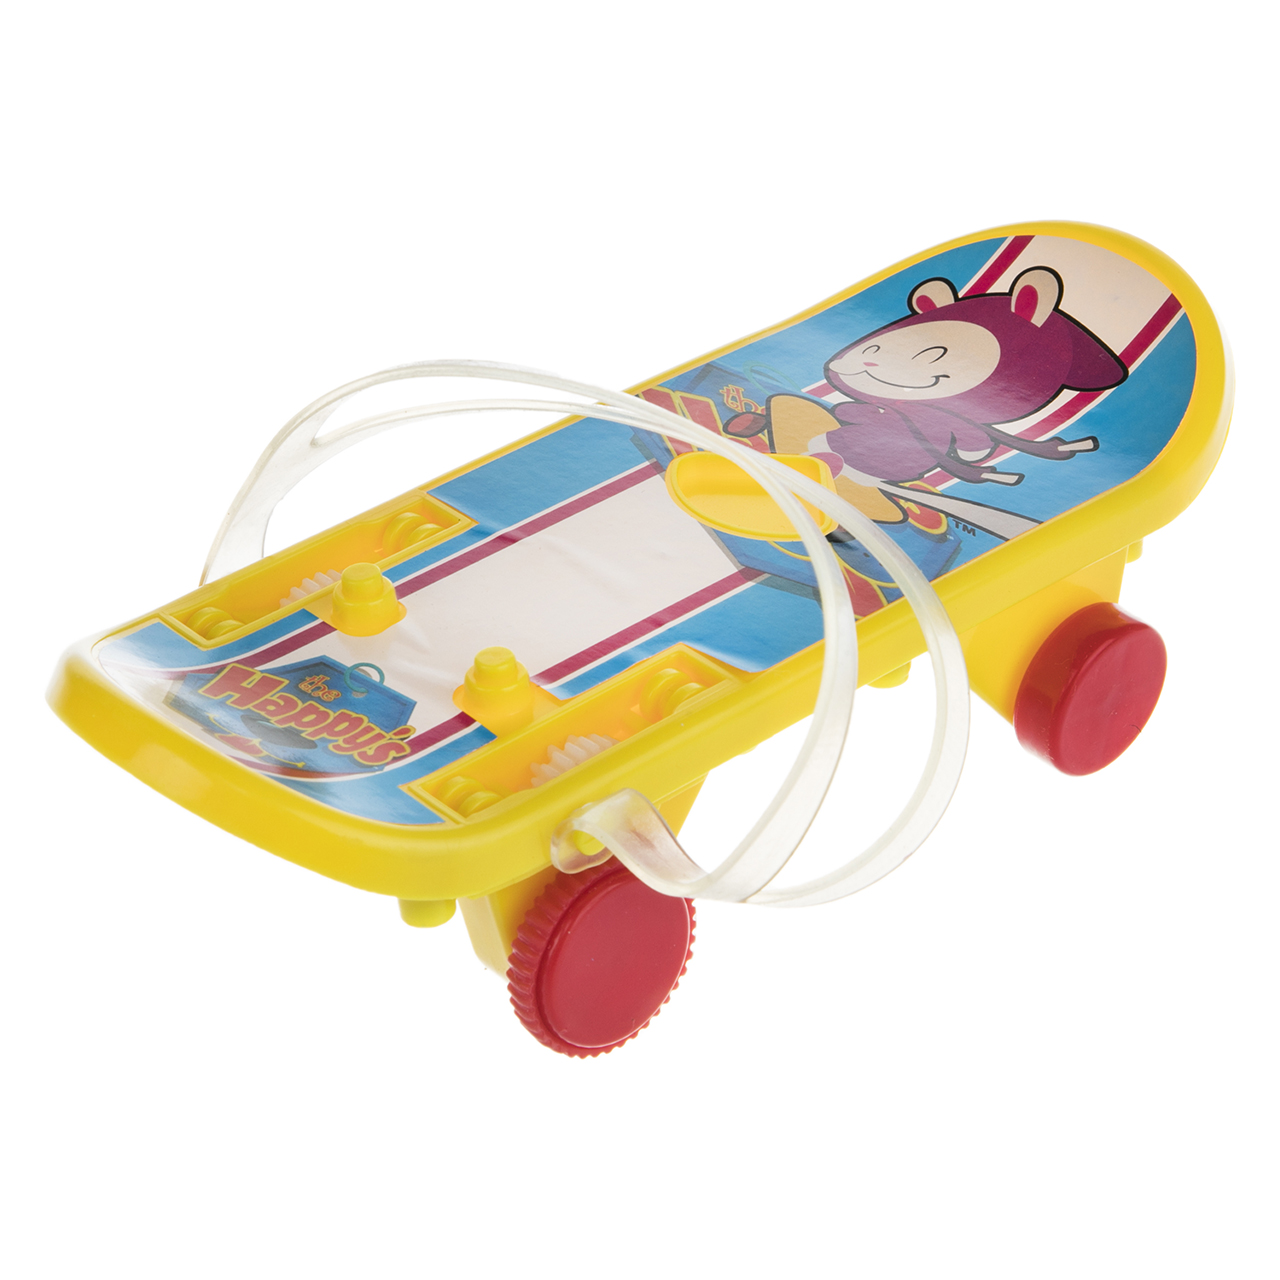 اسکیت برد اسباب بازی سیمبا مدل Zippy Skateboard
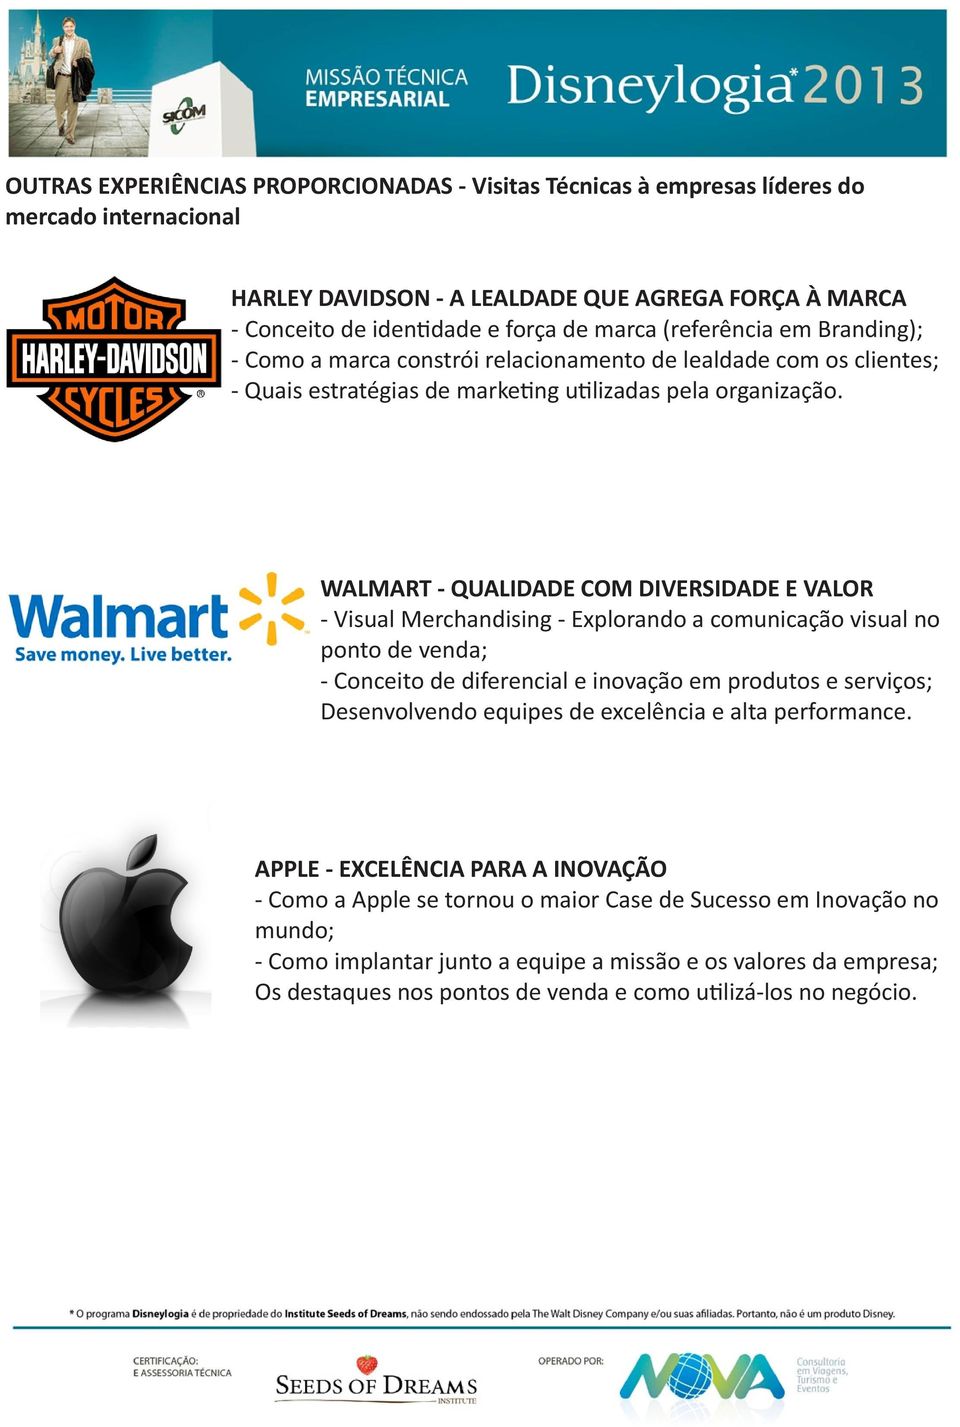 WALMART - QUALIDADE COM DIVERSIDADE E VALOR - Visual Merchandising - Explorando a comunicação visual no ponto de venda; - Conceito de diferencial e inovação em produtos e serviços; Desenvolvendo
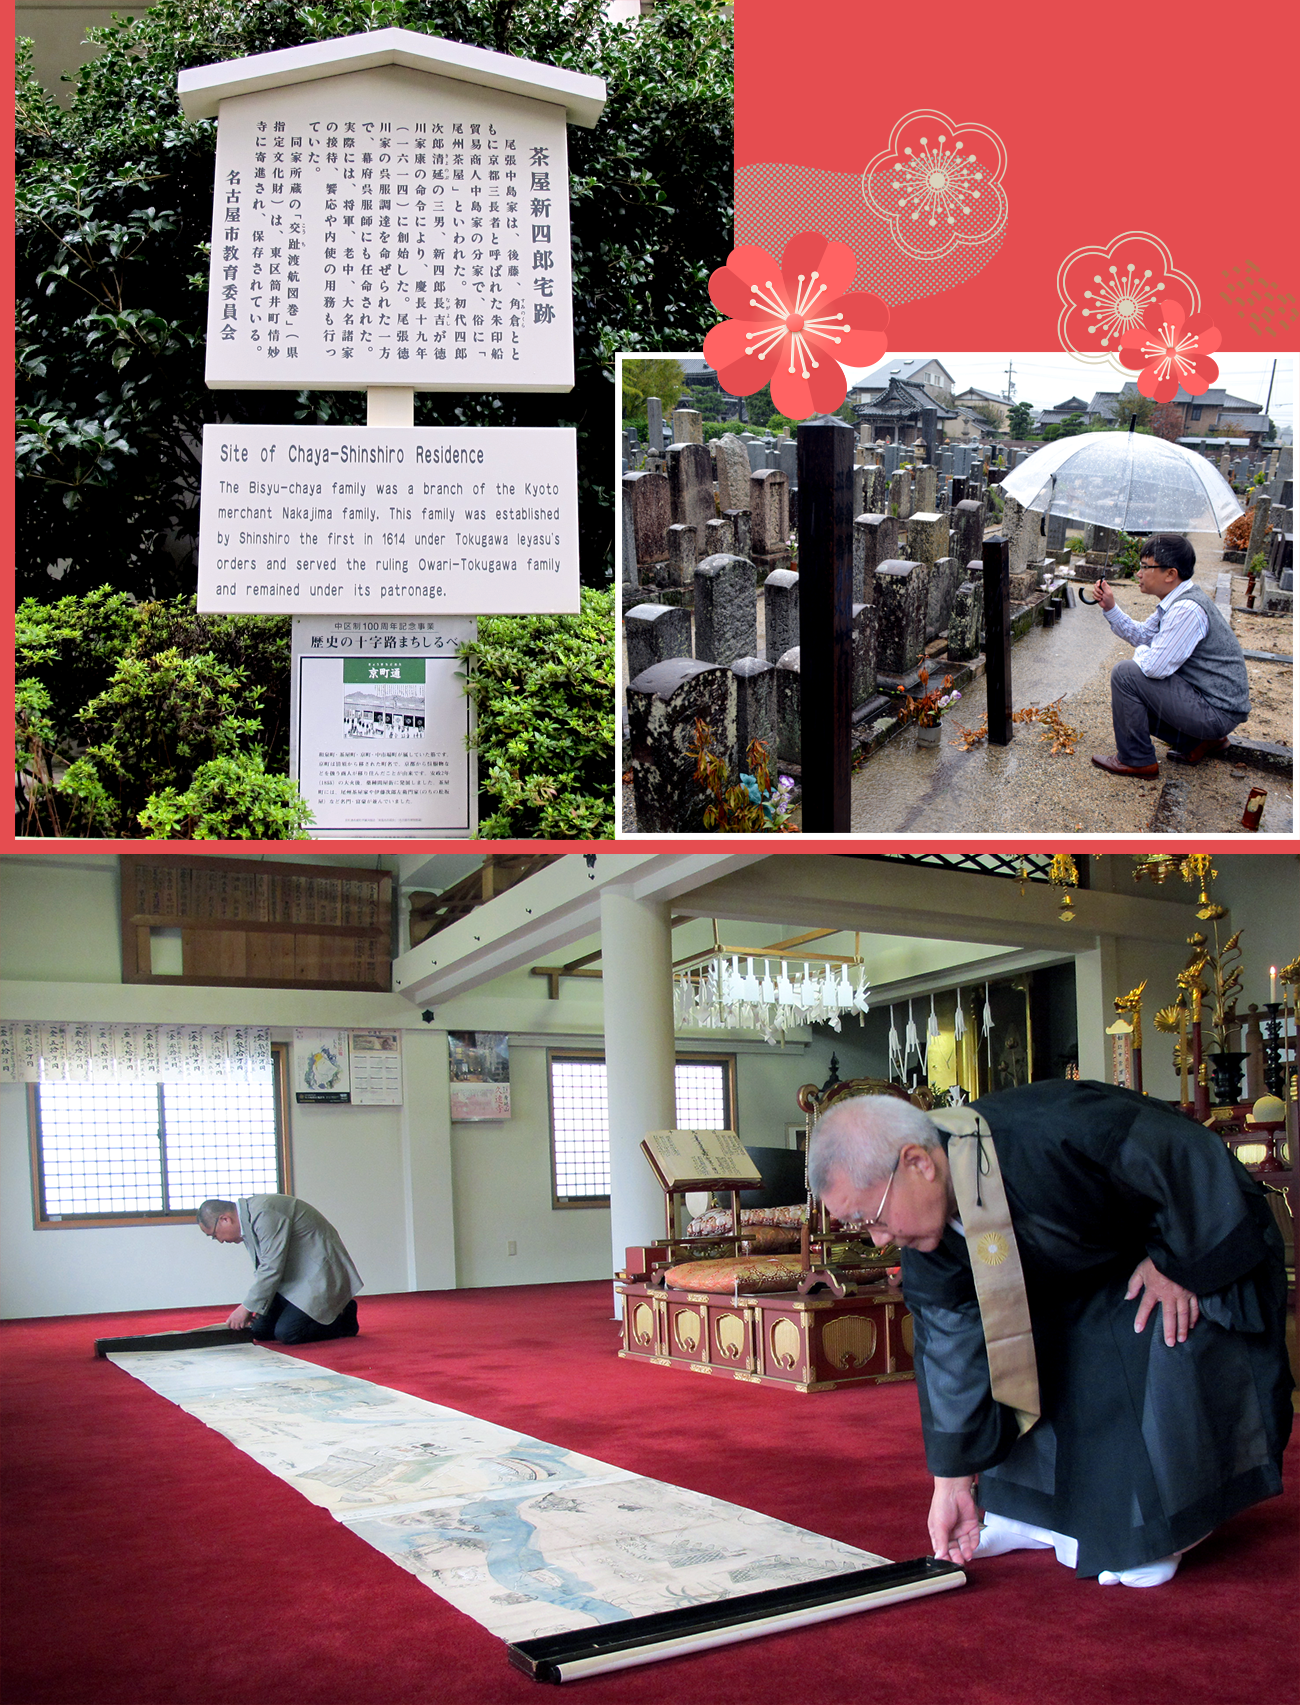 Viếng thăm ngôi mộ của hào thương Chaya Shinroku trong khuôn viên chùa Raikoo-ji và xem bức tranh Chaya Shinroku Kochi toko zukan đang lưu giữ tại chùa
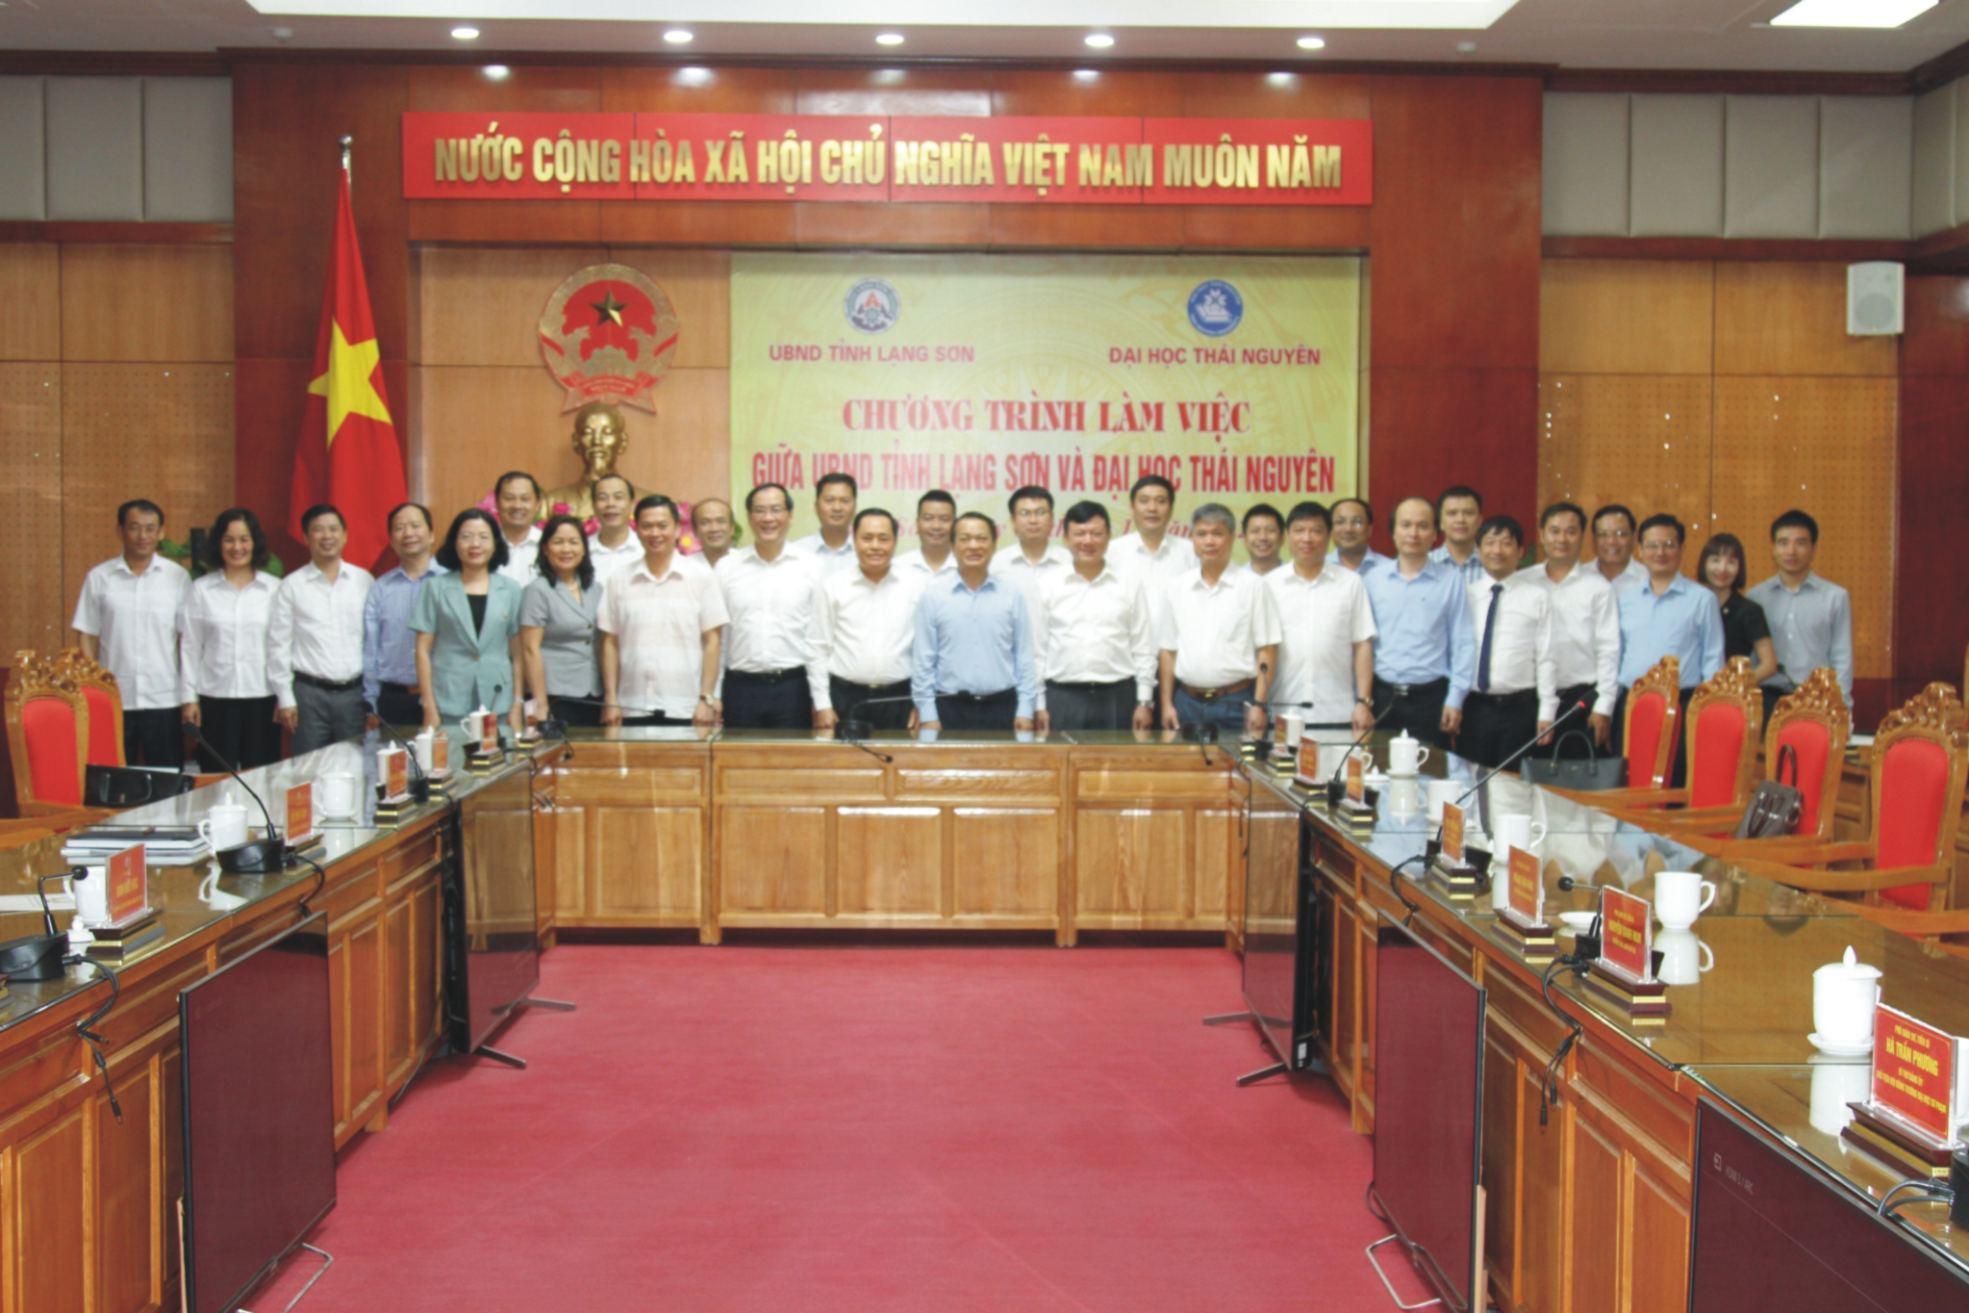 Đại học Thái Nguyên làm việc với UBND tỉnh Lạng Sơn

TASK STATEMENT —
Find the line with "WALMART - QUALIDADE" in the listing and extract it and all lines after it through the end, exactly, without the pictures.

SOLUTION TO THIS TASK —
 WALMART - QUALIDADE COM DIVERSIDADE E VALOR - Visual Merchandising - Explorando a comunicação visual no ponto de venda; - Conceito de diferencial e inovação em produtos e serviços; Desenvolvendo
 Viếng thăm ngôi mộ của hào thương Chaya Shinroku trong khuôn viên chùa Raikoo-ji và xem bức tranh Chaya Shinroku Kochi toko zukan đang lưu giữ tại chùa
 Đại học Thái Nguyên làm việc với UBND tỉnh Lạng Sơn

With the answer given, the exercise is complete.